El documento también incorpora un componente ético y cultural, al afirmar que la expansión al espacio inspirará a nuevas generaciones y beneficiará a toda la humanidad. Si bien esta narrativa es poderosa, puede ser interpretada como una estrategia de legitimación que minimiza las desigualdades globales. Es cuestionable hasta qué punto los beneficios del desarrollo cislunar llegarán realmente a poblaciones en países en desarrollo, especialmente cuando la participación en la economía espacial requiere capacidades tecnológicas y financieras avanzadas. La promesa de beneficios universales, por tanto, debe analizarse con cautela, ya que podría reproducir patrones de exclusión similares a los observados en otros sectores de alta tecnología.

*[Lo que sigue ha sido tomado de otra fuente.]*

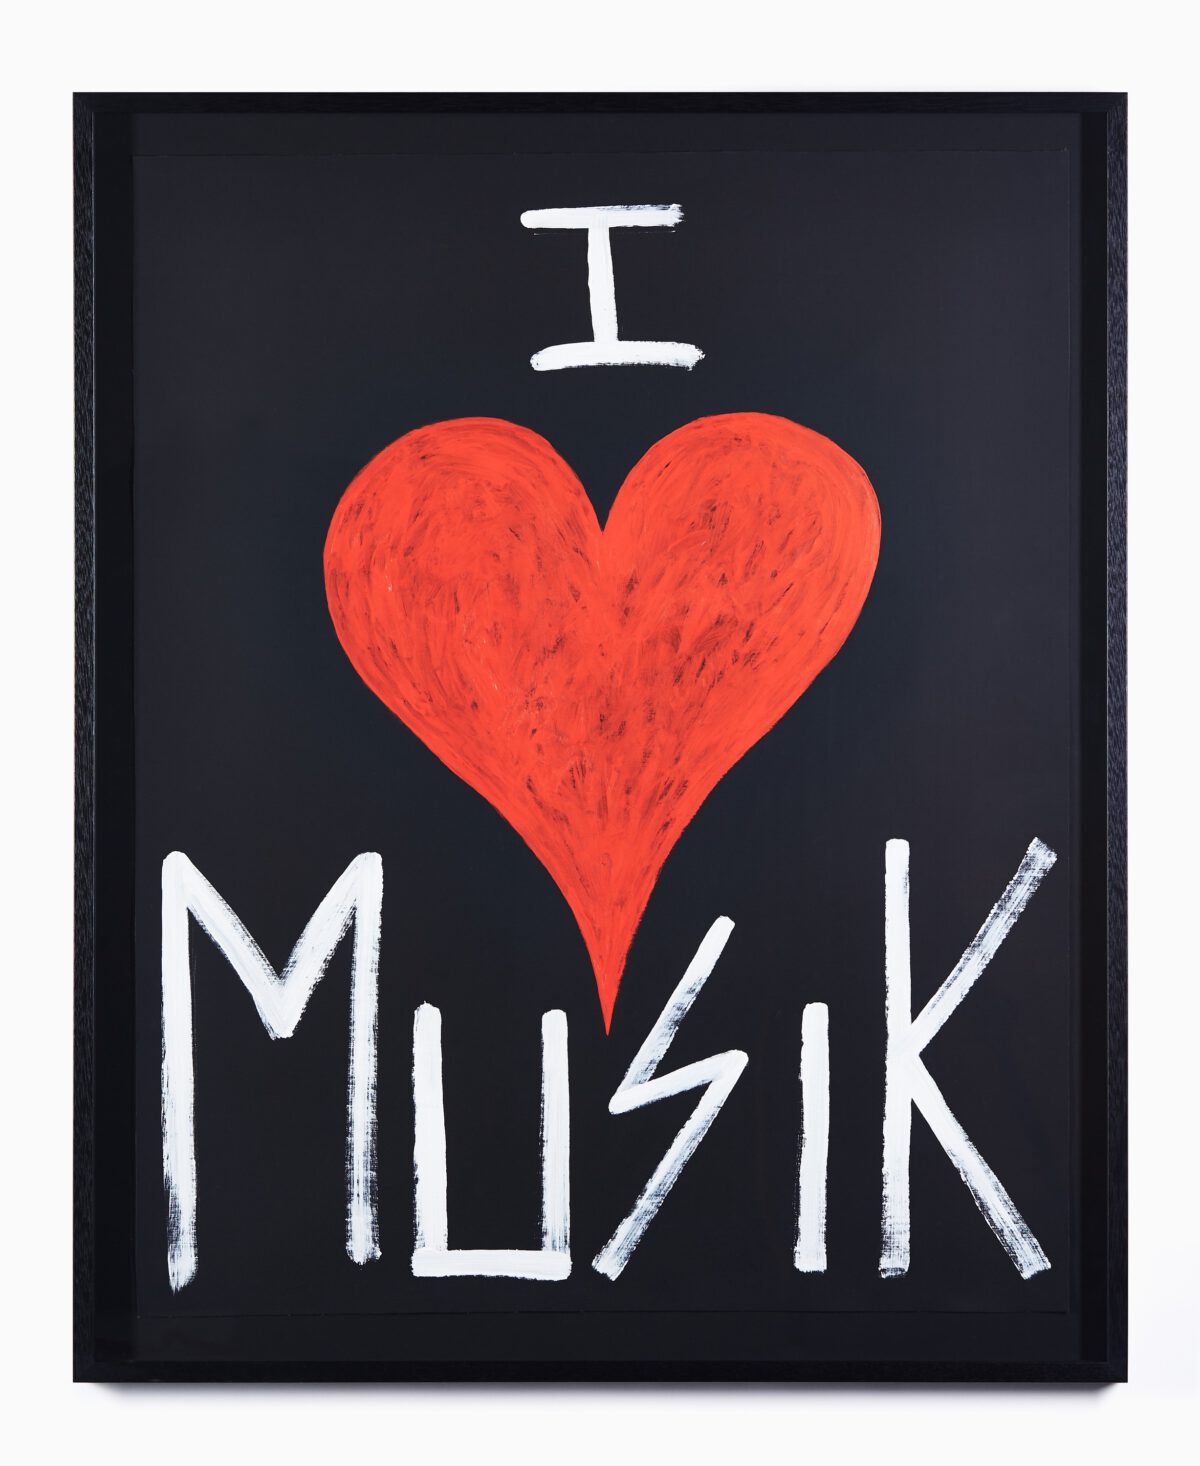 And MUSIK Loves Me web

Otro elemento crítico es la temporalidad de las metas propuestas. El documento establece objetivos a cinco y diez años, incluyendo hitos como la reducción drástica de costos de lanzamiento, la existencia en ascenso de estaciones espaciales comerciales y el establecimiento de comercio entre entidades en órbita. Aunque algunos de estos avances ya están en marcha, otros parecen ambiciosos en exceso considerando las limitaciones actuales. La historia de la exploración espacial muestra que los plazos suelen extenderse debido a problemas técnicos, financieros y políticos. Por ello, la narrativa poco fundada de progreso acelerado puede generar expectativas muy poco realistas.
Finalmente, es importante destacar que el documento tiene un carácter claramente promocional, orientado a movilizar apoyo político, financiero y social para la agenda de la NSS. Esto se refleja en secciones dedicadas a donaciones, programas educativos y conferencias, así como en el lenguaje inspirador que permea todo el texto. Si bien esto es comprensible en un documento estratégico de una organización no gubernamental, también implica que el análisis de riesgos, costos y consecuencias negativas es limitado.
En suma, la Cislunar Space Development Strategy presenta una visión estimulante y coherente del futuro de la humanidad en el espacio, pero adolece de un optimismo estructural que minimiza las complejidades económicas, políticas y tecnológicas del proyecto. Sus principales fortalezas radican en la integración de múltiples áreas —desde la infraestructura hasta la gobernanza— y en su capacidad para articular una narrativa movilizadora. Sin embargo, sus debilidades incluyen la falta de priorización estratégica, la subestimación de los desafíos geopolíticos y la ausencia de un análisis crítico de las implicaciones sociales y ambientales. Por ello, el documento debe leerse no tanto como un plan detallado, sino como una declaración de intención que requiere complementarse con estudios más rigurosos, objetivos y realistas para transformar su visión en una política viable.